L’usine de Bouzonville revient de loin, presque de l’enfer.
Le 29 août 2019 un incendie a détruit une partie du site. Toujours en travaux, l’activité avait pu reprendre partiellement. "Le carnet de commandes se remplit bien, pas de souci là-dessus", estime Xavier Peloso, délégué syndical CGT, et secrétaire du Comité Social et Economique (CSE) de Bouzonville. Mais l’actionnaire majoritaire de Yantai Taihai Group, le fond d’investissements lui aussi chinois CAM SPC a épuisé la trésorerie.

Repreneur

Selon nos informations, c’est le français Set Forg Hot Formers, sauveur il y a quelques années du site des forges d’Hagondange (l’ancienne SAFE, Société des Aciers Fins de l'Est), qui est sur les rangs pour reprendre le site Manoir Industries de Bouzonville.
"Ils connaissent le site, les négociations étaient bien avancées, ils avaient même accès  à la data room (l’ensemble des données économiques et financières de l’entreprise)", confirme Xavier Peloso.

Le site de Bouzonville emploie 170 personnes dans sa forge.
Le site de Bouzonville emploie 170 personnes dans sa forge. © France 3 Lorraine

François Boucherat, directeur commercial de la holding Farinia, propriétaire de Set Forge, confirme l’intérêt pour le site de Bouzonville: "ils sont complémentaires avec nos activités actuelles, qui sont au 2/3 dans la production de pièces pour l’automobile".
L’industriel motive sa volonté "par notre capacité déjà prouvée à racheter des entreprises en difficulté et à les remettre sur les rails. Nous étions les seuls à vouloir racheter la SAFE, nous l’avons redressée et aujourd’hui nous avons beaucoup plus de clients et de débouchés qu’à la reprise". Le groupe français emploie aujourd’hui près d’un millier de salariés sur neuf usines de forge.

Emploi

Pourquoi ne pas avoir acheté le site avant ? Peut-être parce que le redressement judiciaire va permettre à Set Forge Hot Formers, qui fait partie du groupe industriel français Farinia, de reprendre à ses conditions. Traduction : sans le passif, et avec la possibilité de supprimer éventuellement des emplois.

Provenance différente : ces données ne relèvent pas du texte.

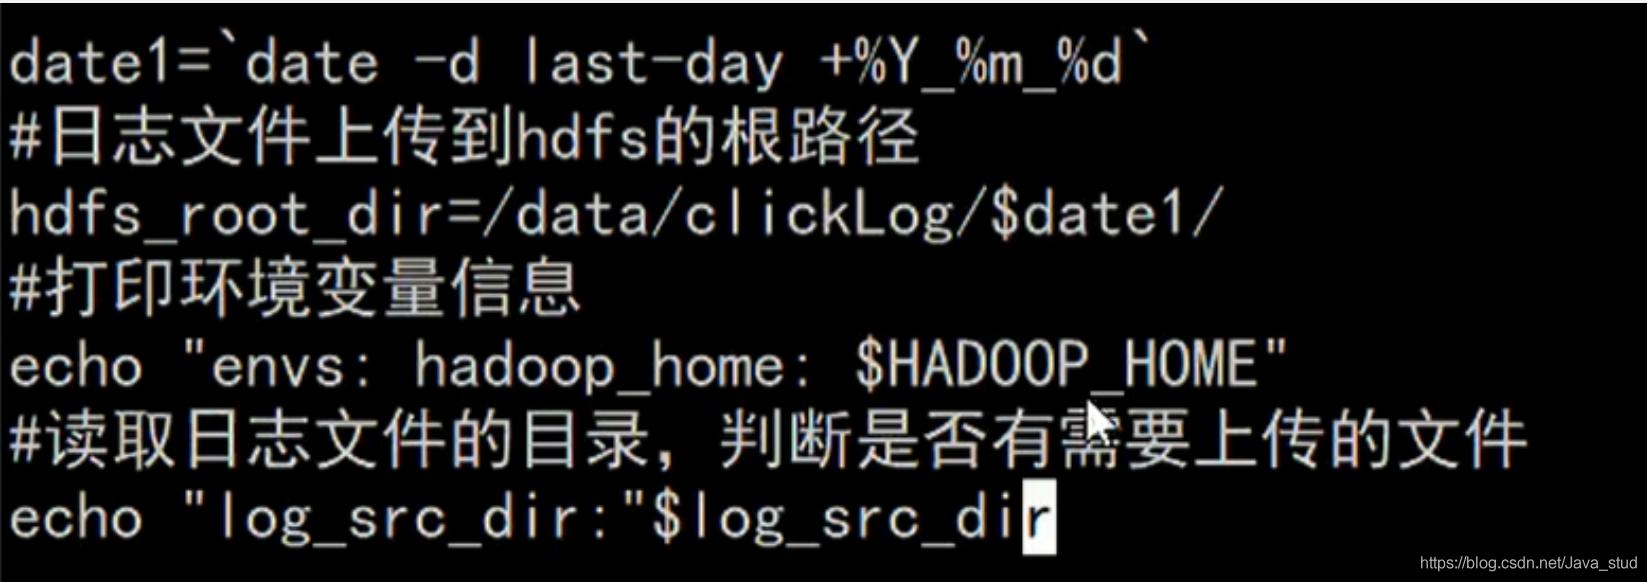 [外链图片转存失败,源站可能有防盗链机制,建议将图片保存下来直接上传(img-p7bjdnKh-1600743046750)(hadoop.assets/image-20200905131117935.png)]
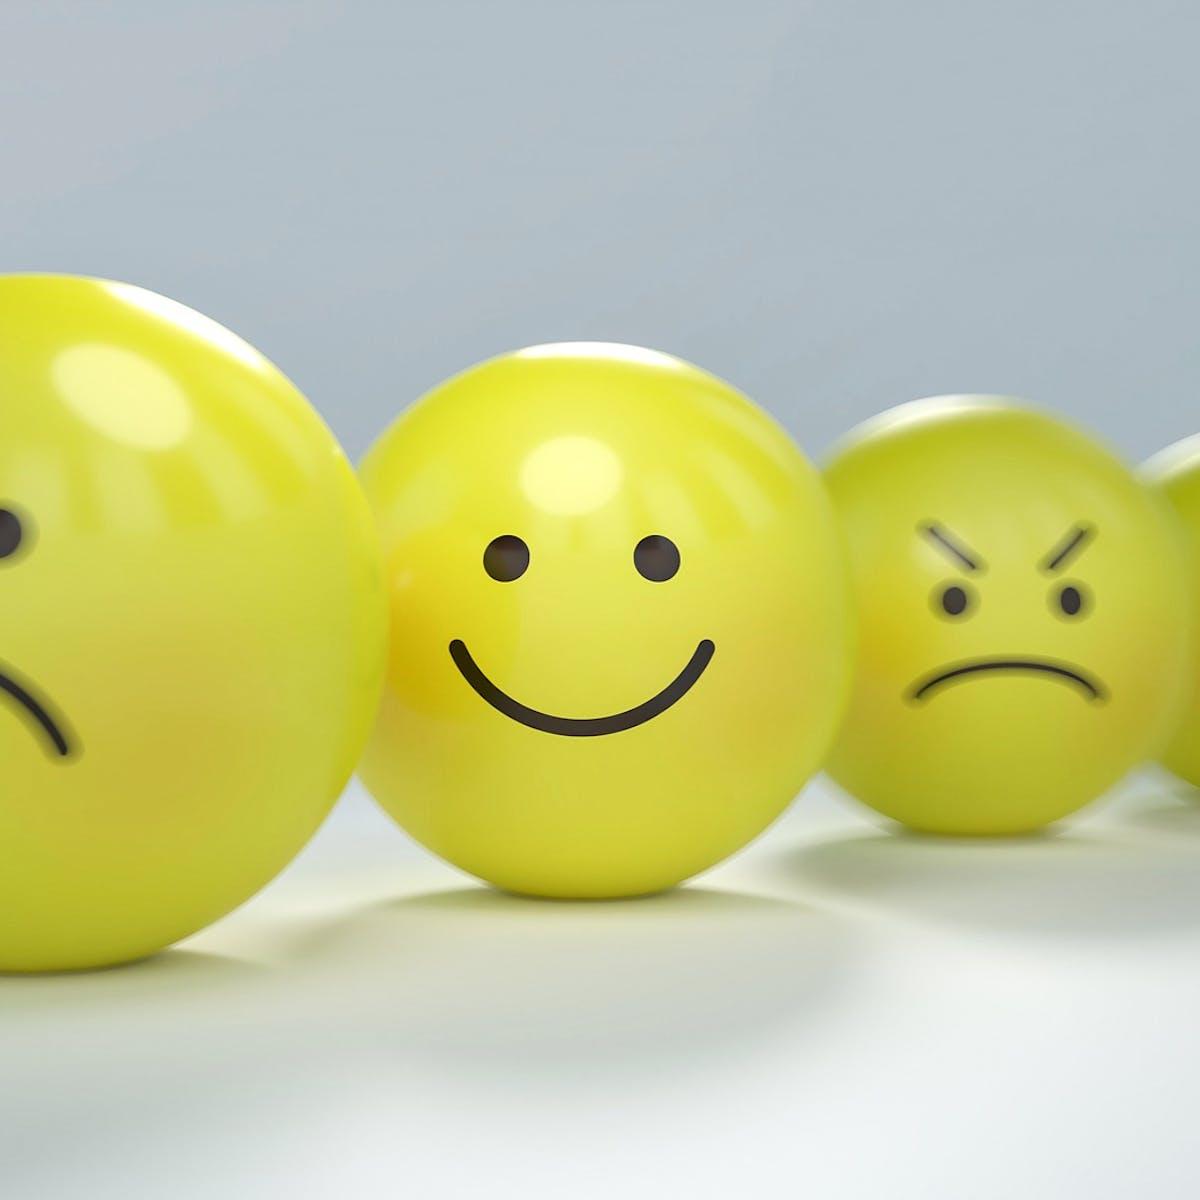 Les Emoticones Au Dela Des Idees Recues

"Evidemment, on craint pour l’emploi" explique Xavier Peloso, car "le futur repreneur ne gardera pas tout le monde, c’est une quasi-certitude".
Le délégué syndical estime que la reprise pourrait entraîner la suppression d’une partie des personnels des fonctions  support (comptabilité, paie, etc.), dont l’activité pourrait être assurée au siège du futur repreneur. Plus inquiétant, il craint également pour le personnel de production: "tout dépend de la politique industrielle de notre nouveau propriétaire… Si la deuxième ligne d’estampage ne redémarre pas, il y a à craindre des suppressions d’emploi sur cette outil".

François Boucherat ne cache pas "qu’au moment d’une reprise, il y a toujours deux ou trois ans difficiles. Mais nous venons avec la volonté et les ressources d’un groupe français, qui possède des compétences accrues, dans la recherche, le développement, le réseau commercial". Le retour d'une partie de Manoir Industries sous pavillon tricolore a les faveurs de l'Etat.

Le précédent de Custines

En 2015, le groupe Manoir Industries avait lâché son site de Custines. En redressement puis en liquidation, le site avait finalement été sauvé in extremis le jour de la liquidation par un autre groupe français, Le Bronze Alloys, après un projet de reprise par les salariés en SCOP (société coopérative ouvrière de production). Les forges de Custines, qui produisent des pièces estampées pour l'armement notamment, sont reparties de plus belles. Après une période difficile, pendant laquelle il a fallu retrouver la confiance des clients, renouveler les certifications et les homologations perdues, le site est aujourd'hui pérenne. Mais la reprise ne s'est pas faite sans casse sociale : sur les 130 salariés de Manoir Industries à Custines, le repreneur n'en a gardé qu'une quarantaine, soit moins d'un tiers. Juste sous la barre des 49 salariés, qui obligeait l'entreprise à mettre en place un Conseil d'entreprise (CE), un comité d'hygiène, de sécurité et des conditions de travail (CHSCT)... remplacés depuis par la création d'un Comité Social et Economique, qui s'impose depuis le 1er 2018 désormais à toutes les entreprises de plus de 10 salariés.